Однако я тогда, не поняв, дерзнул. Проверил полет. Поднялся и сразу увидел вдалеке тот клубящийся закрученный синий глаз-вход. Напряг я все силы, поднялся высоко и быстро так помчал, все выше, все быстрее, прямо с грохотом ракетным ринулся в этот клубящийся синим парком глаз или отверстие, вход в тайну...
ВЫКЛЮЧИЛИ
И тут меня Выключили! Я даже щелчок негромкий слышал. Просто взяли и выключили. Вмиг мое сознание вернулось в серую сумеречную явь и, еще не сознавая беды, я понял, случилось непоправимое.
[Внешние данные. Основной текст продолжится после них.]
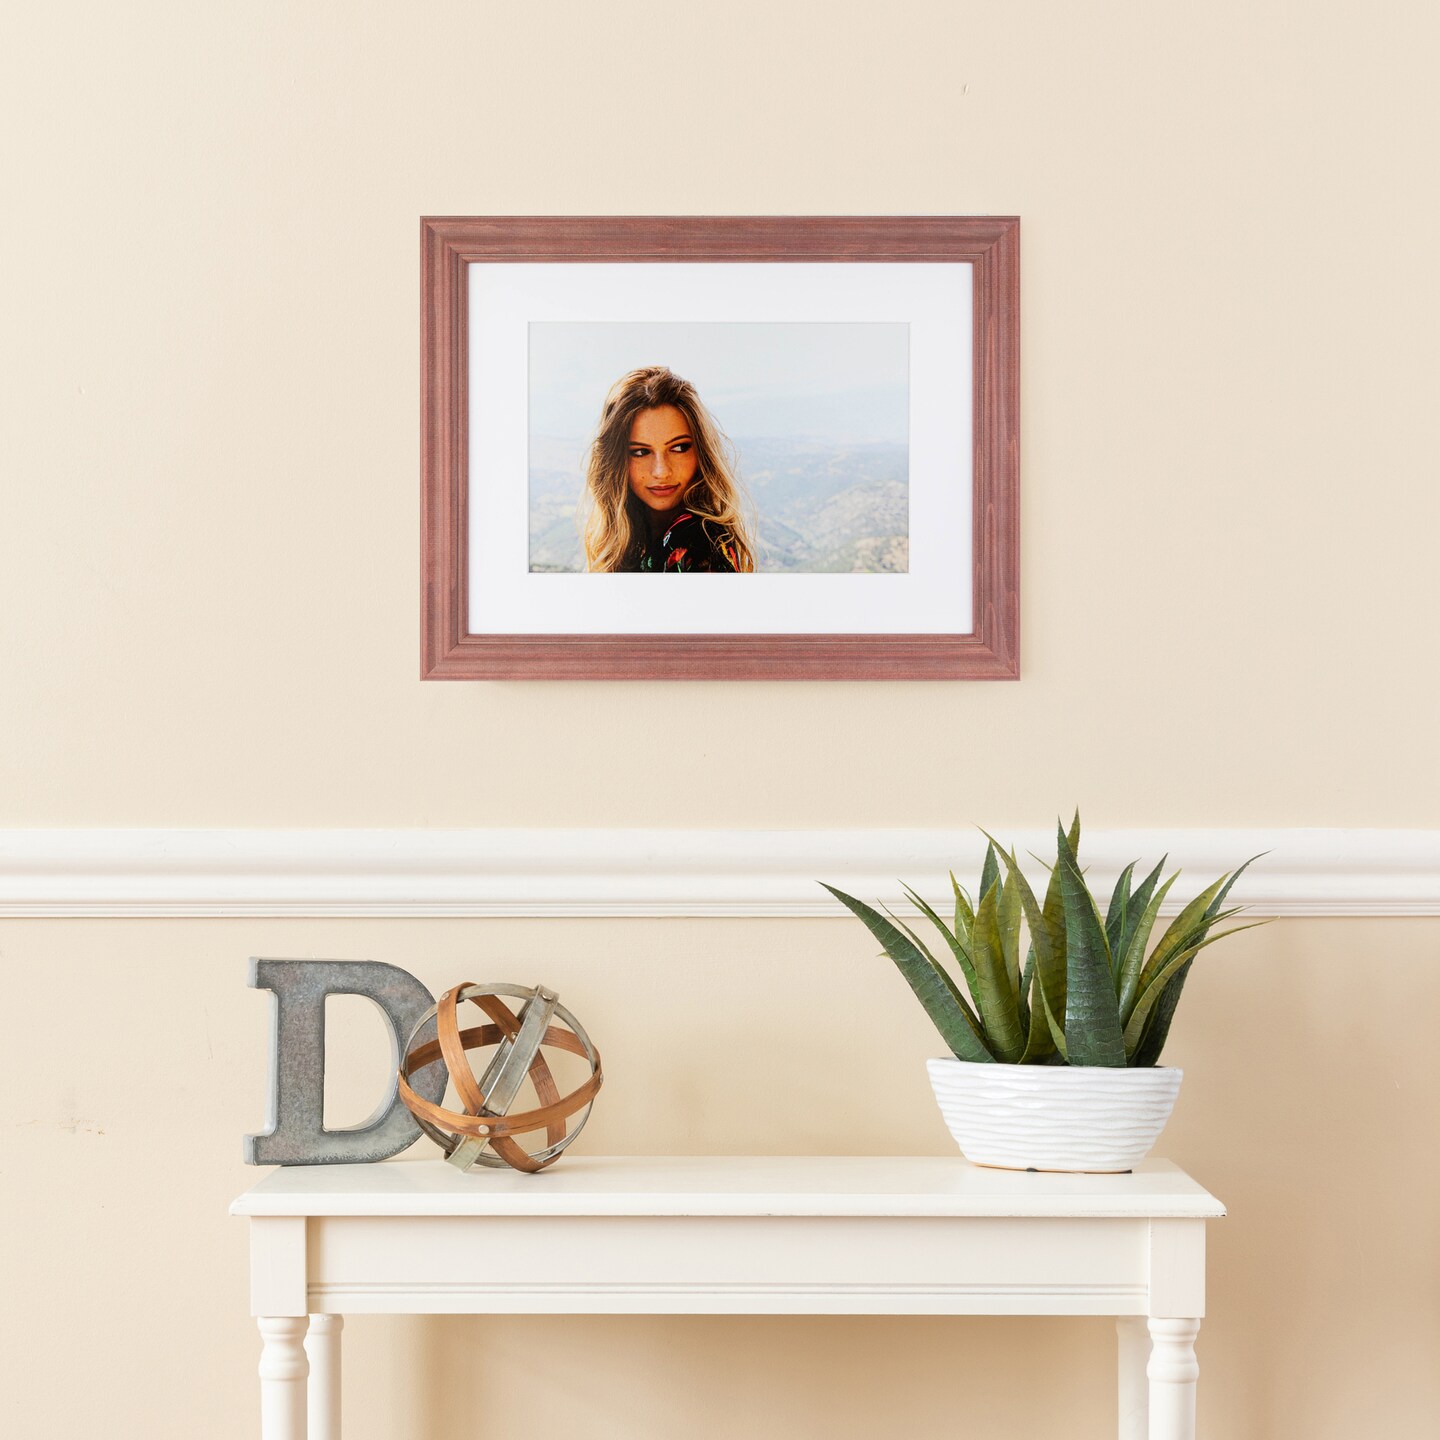 ArtToFrames 16x24 Inch Picture Frame, This 1.50 Inch Custom Wood Poster  Frame is Available in Multiple Colors, Great for Your Art or Photos - Comes  with Regular Acrylic and Foam Backing 3/16

Только позже, размышляя, я в полной мере оценил, что случилось. Меня лишили возможности выбраться на свободу, совсем лишили, и придется мне теперь, как всем, отбывать свое пожизненное заключение до конца! Мне даже самые простые сны перестали сниться: так, муть какая-то тягостная текла перед глазами, и все! И никакого сознания, — совсем беспамятство полное наступало теперь по ночам.
Я было к деткам снова прибег, а вижу, глазки у них, которые раньше так и загорались — теперь наоборот тускнеют, едва я про сны речь завожу. "Не снятся нам больше сны, папа", — так мне отвечают.